Иван Ильич говорил тихо, почти шепотом, но в голосе его была такая ненависть, что я мгновенно прозрел. Боже мой! Как я мог подумать, что он смирился с фашистами?! Но для чего же тогда он вел эти разговоры о немецкой мощи, о их победах? Неужели испытывал меня?

Иван Ильич повернул на весах какой-то рычажок и стал выписывать накладные.

— Помнишь, какое завтра число? — спросил он, не подымая головы.

— Седьмое ноября…

— Как ты отметишь его?

— Буду играть на рынке…

— Значит, станешь и в этот день пиликать вальсы Штрауса?

— Нет, завтра я буду играть русский романс… Старинный.

— В годовщину Октября — старинный романс? Это все, на что ты способен?

— Вы сначала послушайте. — Я начал тихонько высвистывать мелодию. — Догадались, в чем дело?

— Ничего не понимаю. Отметить Октябрь в тылу врага таким допотопным романсом! Ты, верно, не знаешь его слов. — Иван Ильич закатил глаза и тихонько запел противным фальцетом:

Белой акации гроздья душистые

Вновь ароматом полны…

— Помню, такие слова пел дедушка, — сказал я. — А папа пел совсем по-другому. Надо только чуть-чуть изменить ритм и две-три ноты. Тогда получится не романс, а песня гражданской войны. Помните: «Слушай, рабочий, война началася, бросай свое дело, в поход собирайся!»

Иван Ильич встрепенулся:

— Как же я, гриб замшелый, забыл эту песню? Я и припев помню: «Смело мы в бой пойдем за власть Советов»! Но припева ты не играй. Припев на другой мотив, за него и в гестапо можно угодить.

— Посмотрю на месте, может, полицаев не окажется. Вот здорово будет! Сыграть в такой день боевую песню! Советскую! Чтобы все люди услышали!

— Молодец! Не ожидал от тебя! Впрочем, бывает — и веник стреляет! Теперь слушай. Завтра я на рынок не приду…

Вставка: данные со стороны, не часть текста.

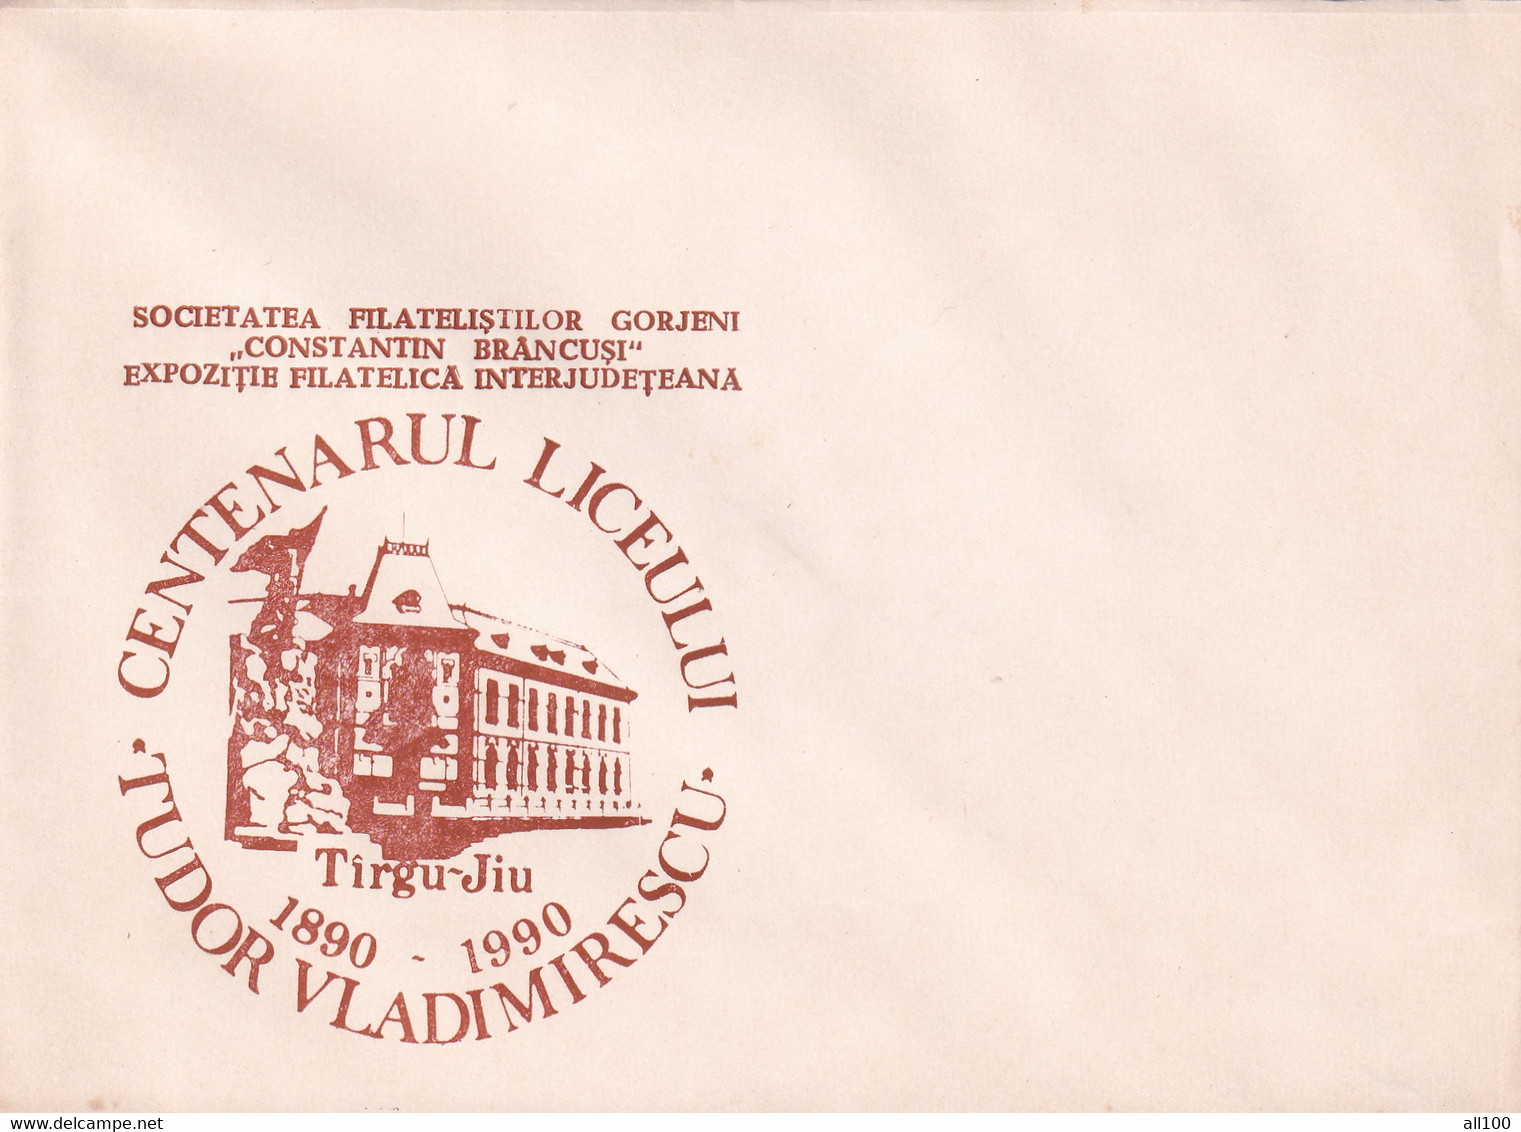 A19349 - CENTENARUL LICEULUI TUDOR VLADIMIRESCU TARGU JIU TIRGU-JIU COVER ENVELOPE UNUSED 1990 ROMANIA - Cartas & Documentos

— Испугались того полицая? Скажите ему спасибо: никому ваша крутилка не нужна. Зря сапоги топчете!

Иван Ильич пропустил мои слова мимо ушей.

— Завтра к восьми на рынок пойдешь ты. Ровно в восемь начнешь играть «концерт» по моей заявке. — Он улыбнулся и метнул на меня быстрый взгляд.

— Какой концерт?

— Играй что хочешь. Нужно только одно: от восьми до десяти ты исполнишь… — Иван Ильич сунул руку в карман пальто, и я увидел на его ладони несколько фасолин. Он взглянул на них и сунул обратно. — За эти два часа ты исполнишь свой концерт пять раз. Ровно пять, не больше, не меньше. Припева играть не смей! Понял?

Раздался густой паровозный гудок. Иван Ильич вскочил, схватил метлу и вышел на платформу. Согнувшись по-стариковски, он шваркал метлой налево, направо и, казалось, совсем забыл обо мне.

Не останавливаясь, даже не замедляя хода, на восток пронесся бесконечный воинский состав. Груз на платформах был закрыт брезентом: там притаились танки и орудия.

Иван Ильич вернулся хмурый, озабоченный.

— Видел?

Я молча кивнул головой.

— Романс будешь играть не пять, а шесть раз.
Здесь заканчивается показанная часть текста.